Намек был слишком ясен и слишком обидным показался для Корнева.
- История нам говорит, - не утерпел он, бледнея и подымаясь с перекосившимся лицом, - что многое из того, что современникам казалось шутовским и не стоящим внимания, в действительности оказывалось совсем другим.
- Ну-с, а это не окажется, - круто повернул к нему свои темные очки учитель. - И не окажется по тому по самому, что это - история, а не передержка. Ну-с, во всяком случае, это не современная тема. Что задано?
Учитель погрузился в книгу, но сейчас же оторвался и снова заговорил:
- Мальчишеству нет места в истории. Пятьдесят лет тому назад живший поэт для понимания требует знания эпохи, а не выдергиванья его из нее и привлечения в качестве подсудимого на скамью современности.
- Но стихи этого поэта "Подите прочь" мы, современники, учим на память...
Митрофан Семенович высоко поднял брови, оскалил зубы и молча смотрел, как скелет в синих очках, на Корнева.
- Да-с, учите... должны учить... и если не будете знать, получите единицу... И не вашей-с компетенции это дело.
- Может быть, - вмешался Долба, - мы не компетентны, но хотим быть компетентными.
- Ну-с, Дарсье! - вызвал учитель.
Долба встретился глазами с Рыльским и пренебрежительно потупился.
Когда урок кончился, Карташев сконфуженно поднялся и вытянулся.
- Что, брат, отбрил тебя? - добродушно хлопнул его по плечу Долба.
- Отбрил, - неловко усмехнулся Карташев, - черт с ним.
- Да не стоит с ним и спорить, - согласился Корнев. - Что ж это за приемы? неграмотные, мальчишки... А если бы только его грамотой ограничивались, так были бы грамотные?
- Положим... - начал было своим обычным авторитетным тоном Семенов.
- Пожалуйста, не клади, - весело перебил его Рыльский, - потому что положишь и не подымешь.
Учитель истории Леонид Николаевич Шатров давно завоевал себе популярность между учениками.
Он поступил учителем в гимназию как раз в тот год, когда описываемая компания перешла в третий класс.
И своей молодостью, и мягкими приемами, и тем одухотворенным, что так тянет к себе молодые, нетронутые сердца, Леонид Николаевич постепенно привлек к себе всех, так что в старших классах ученики относились к нему и с уважением и с любовью.
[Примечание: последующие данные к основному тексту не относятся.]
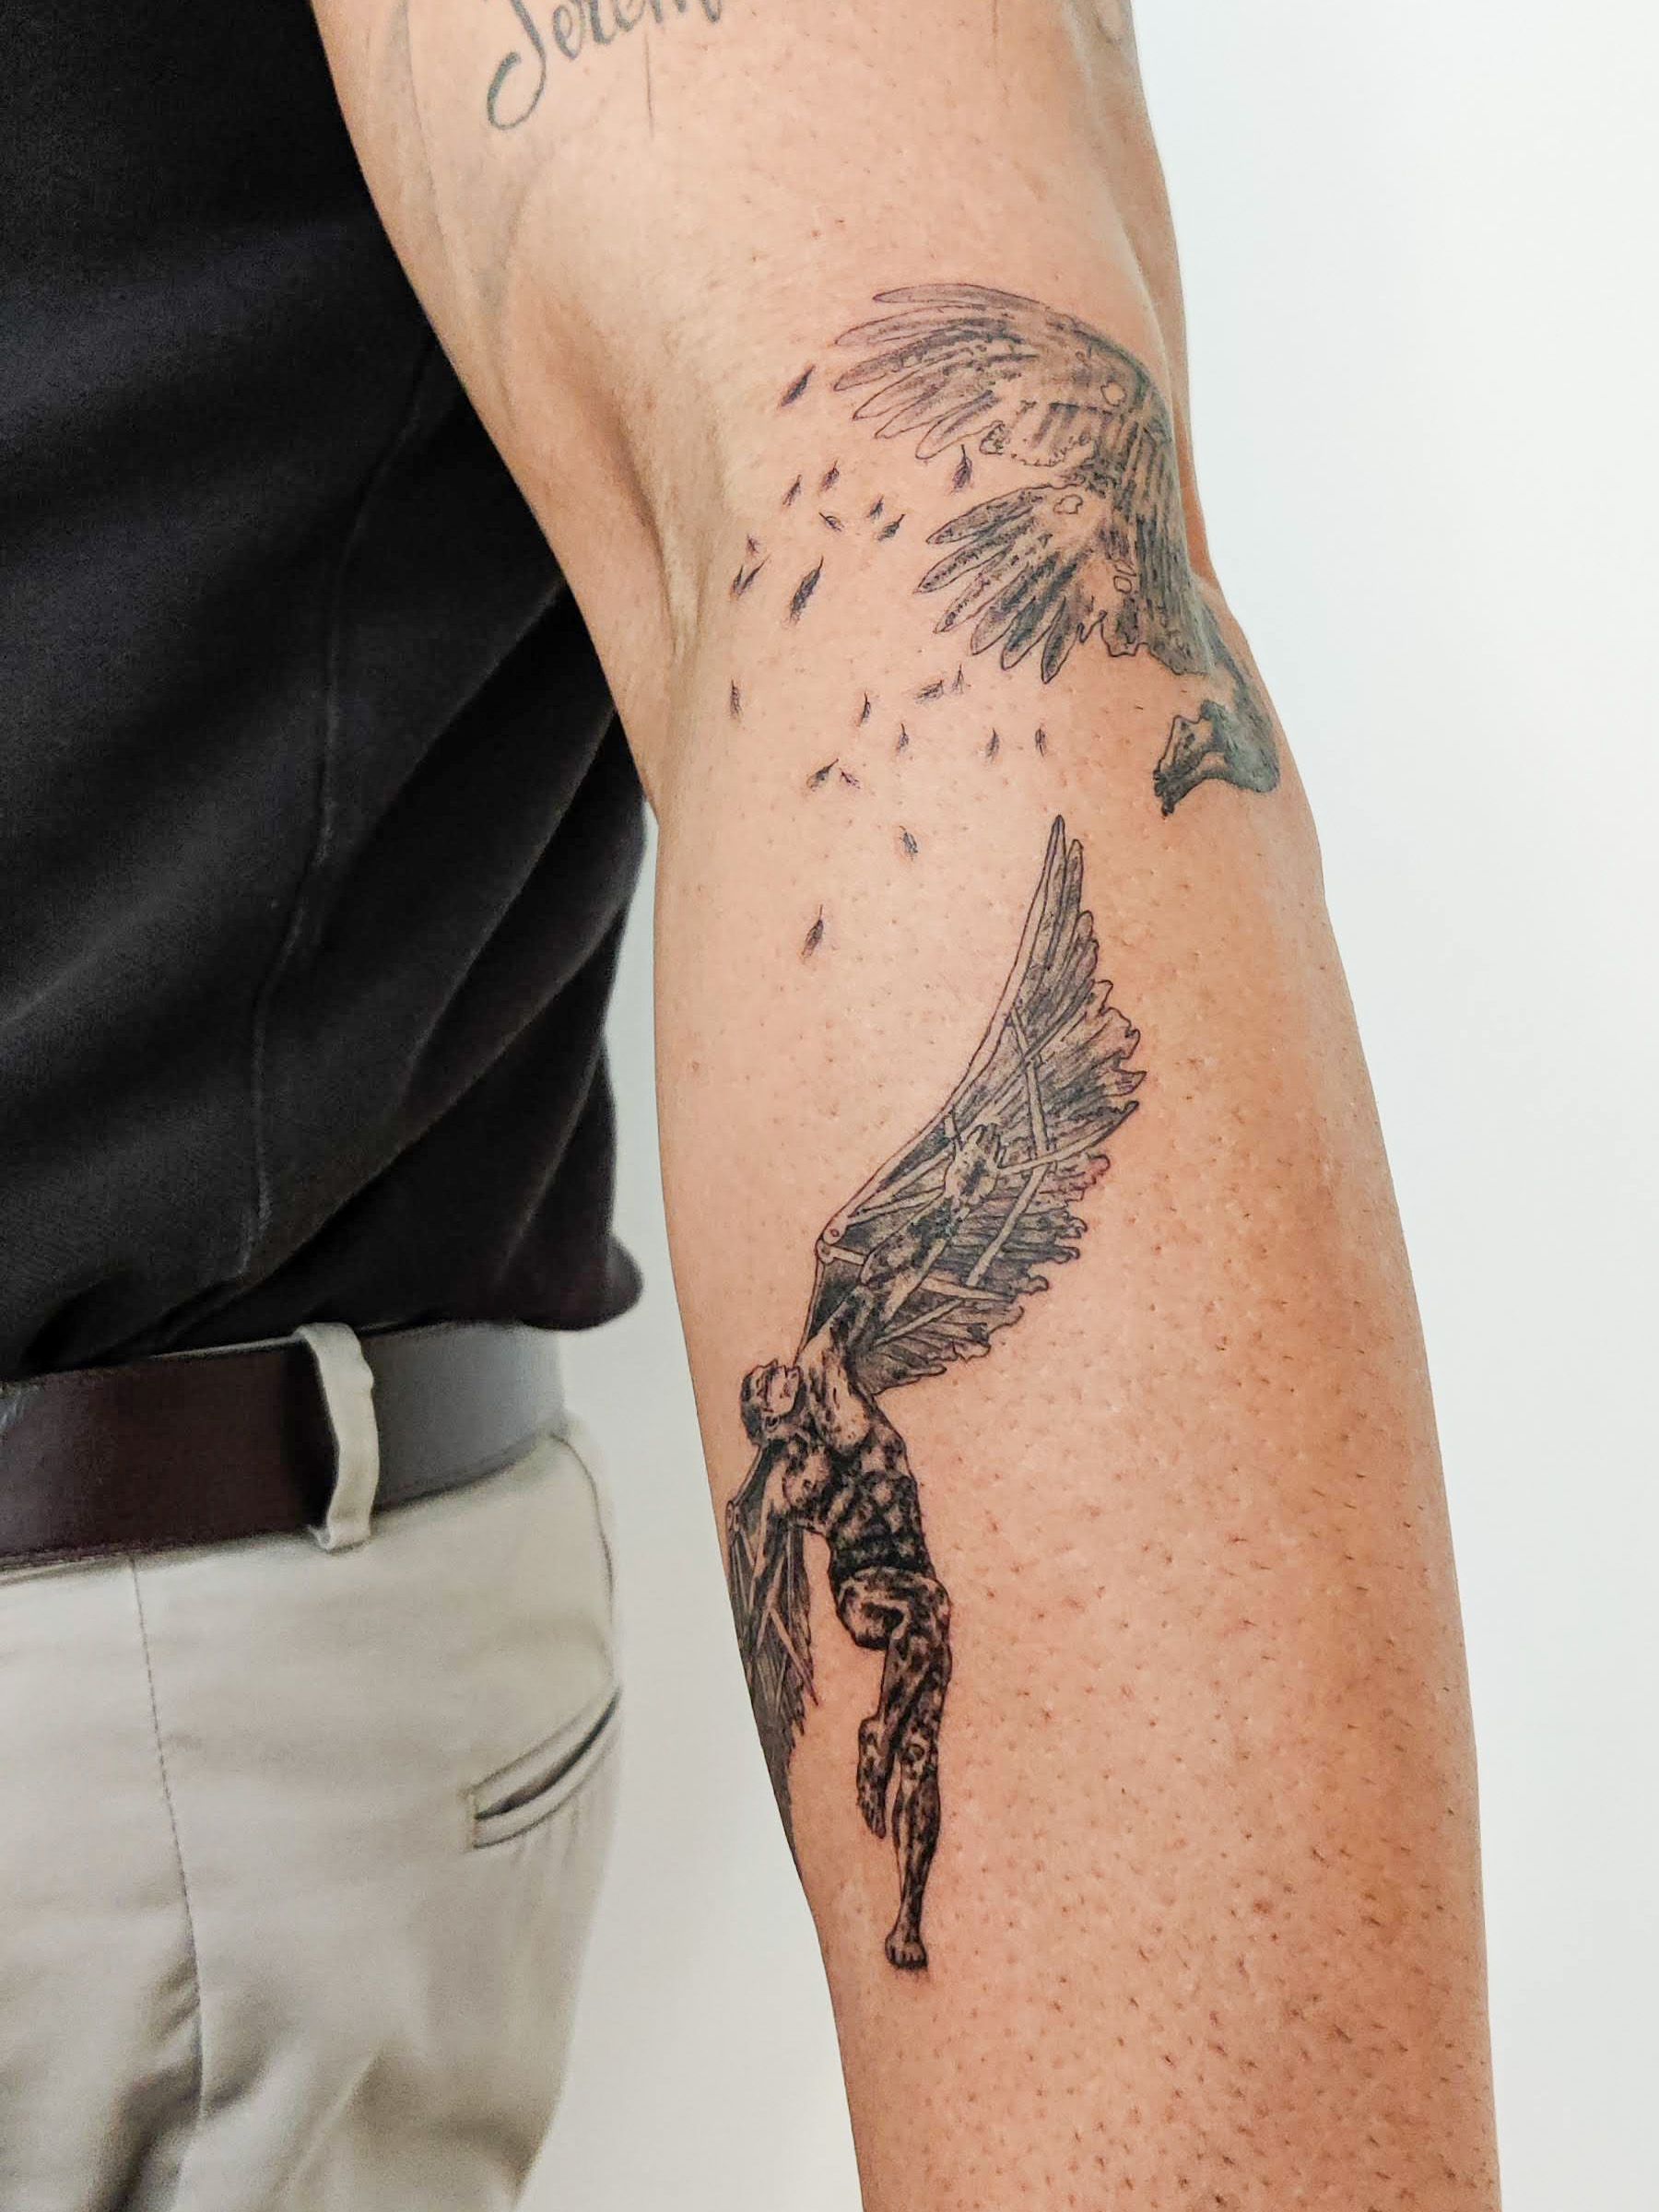 Amanda Piejak na Instagramie  364 icarus thefalloficarus icarusfallen  icarustattoo angel noirtattoo ink ibl  Icarus tattoo Hand tattoos  Greek tattoos

Одно огорчало их, что Леонид Николаевич славянофил, хотя и не "квасной", как пояснял Корнев, а с конфедерацией славянских племен, с Константинополем во главе. Это смягчало несколько тяжесть его вины, но все-таки компания становилась в тупик: не мог же он не читать Писарева, а если читал, то неужели же он так ограничен, что не понял его? Как бы то ни было, но ему извиняли даже славянофильство, и урок его всегда ожидался с особым удовольствием.